Interesting, I have no exposure to Apple ecosystem so I would not encounter it - thanks for letting me know!


I had a lot of fun getting GPT-3 to figure out that special commands can be used for actions. I hooked it up to a light switch it could toggle with {light on} or {light off}, and controlled it with speech recognition. It worked surprisingly well: https://www.youtube.com/watch?v=YvJUXGqcrzM

After adding a delay function it could even do things like blink the lights when requested, and after making the video I added a dimming option it was also able to use.


> I hooked it up to a light switch it could toggle with {light on} or {light off}, and controlled it with speech recognition.

This _has_ to be the most complicated way ever invented of blinking an LED. :-)

(But, seriously, kudos. Sounds like a fun experiment.)


This is beyond amazing! very interesting to see the example prompt you're using, and how GPT-3 is able to utilise the commands!


> Prompt: Write a joke about how many machine learning engineers it takes to turn on a light bulb.

> Output: How many machine learning engineers does it take to turn on a light bulb? Just one, but it takes a lot of training data.


> Output (65%): Just one, but it takes 4 cents per switch.


How exactly did you do it? Would make a fun read.


click the link to the video, there's a link to code in GitHub in description


For those who prefer URLs on the Internet over verbal navigation instructions: https://github.com/Bemmu/Light-Switch-AI


I think we are still a long way off from business viability, but a very short way off from POC (proof of concept) demos that show its potential. Kind of like self driving cars in the 2017 hype.

Doing something is not hard.
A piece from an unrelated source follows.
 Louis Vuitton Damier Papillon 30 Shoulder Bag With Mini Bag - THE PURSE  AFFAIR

Accounting for all the possible problems and making sure they don’t occur is the hard part because it requires a level of control that goes beyond what looks like action driven gives.


> I think we are still a long way off from business viability, but a very short way off from POC (proof of concept) demos that show its potential. Kind of like self driving cars in the 2017 hype.
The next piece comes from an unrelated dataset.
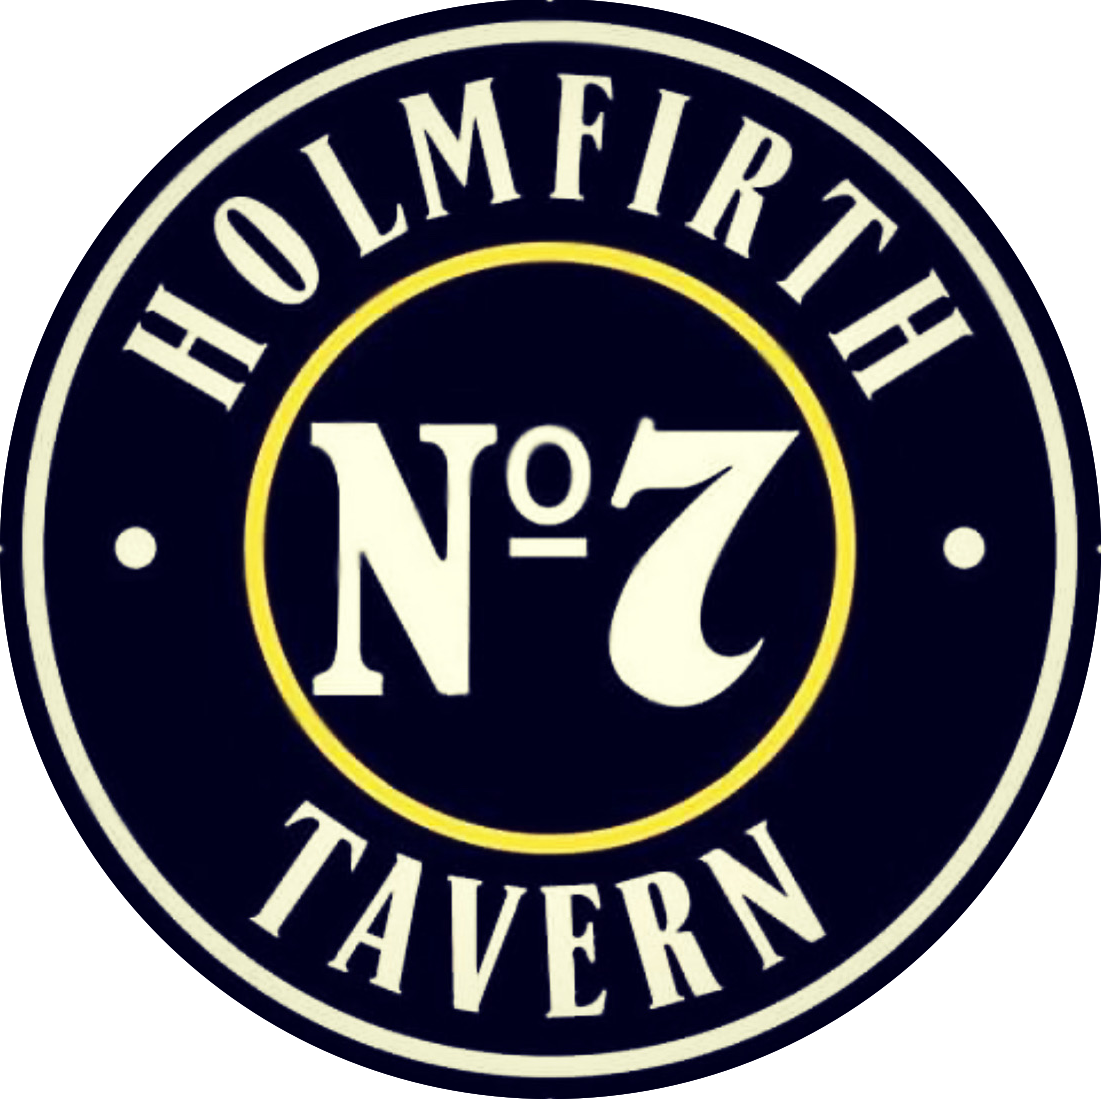 Holmfirth Tavern

We still don't have self driving cars, right? Except maybe for a few labs, suburbs, and highways.


>We still don't have self driving cars, right?

Yes we do. They exist and are on the road. Just look at Tesla, Waymo, etc. These cars are able to be given a destination and they will drive themselves there. There are limitations, but that doesn't make them not self driving.


We also have chatbots, they work half the time and for very specific simple questions.

Just like self driving cars.


Chatbots work well and I can have conversations with them that are fulfilling. When I talk to people I typically don't ask them random trivia.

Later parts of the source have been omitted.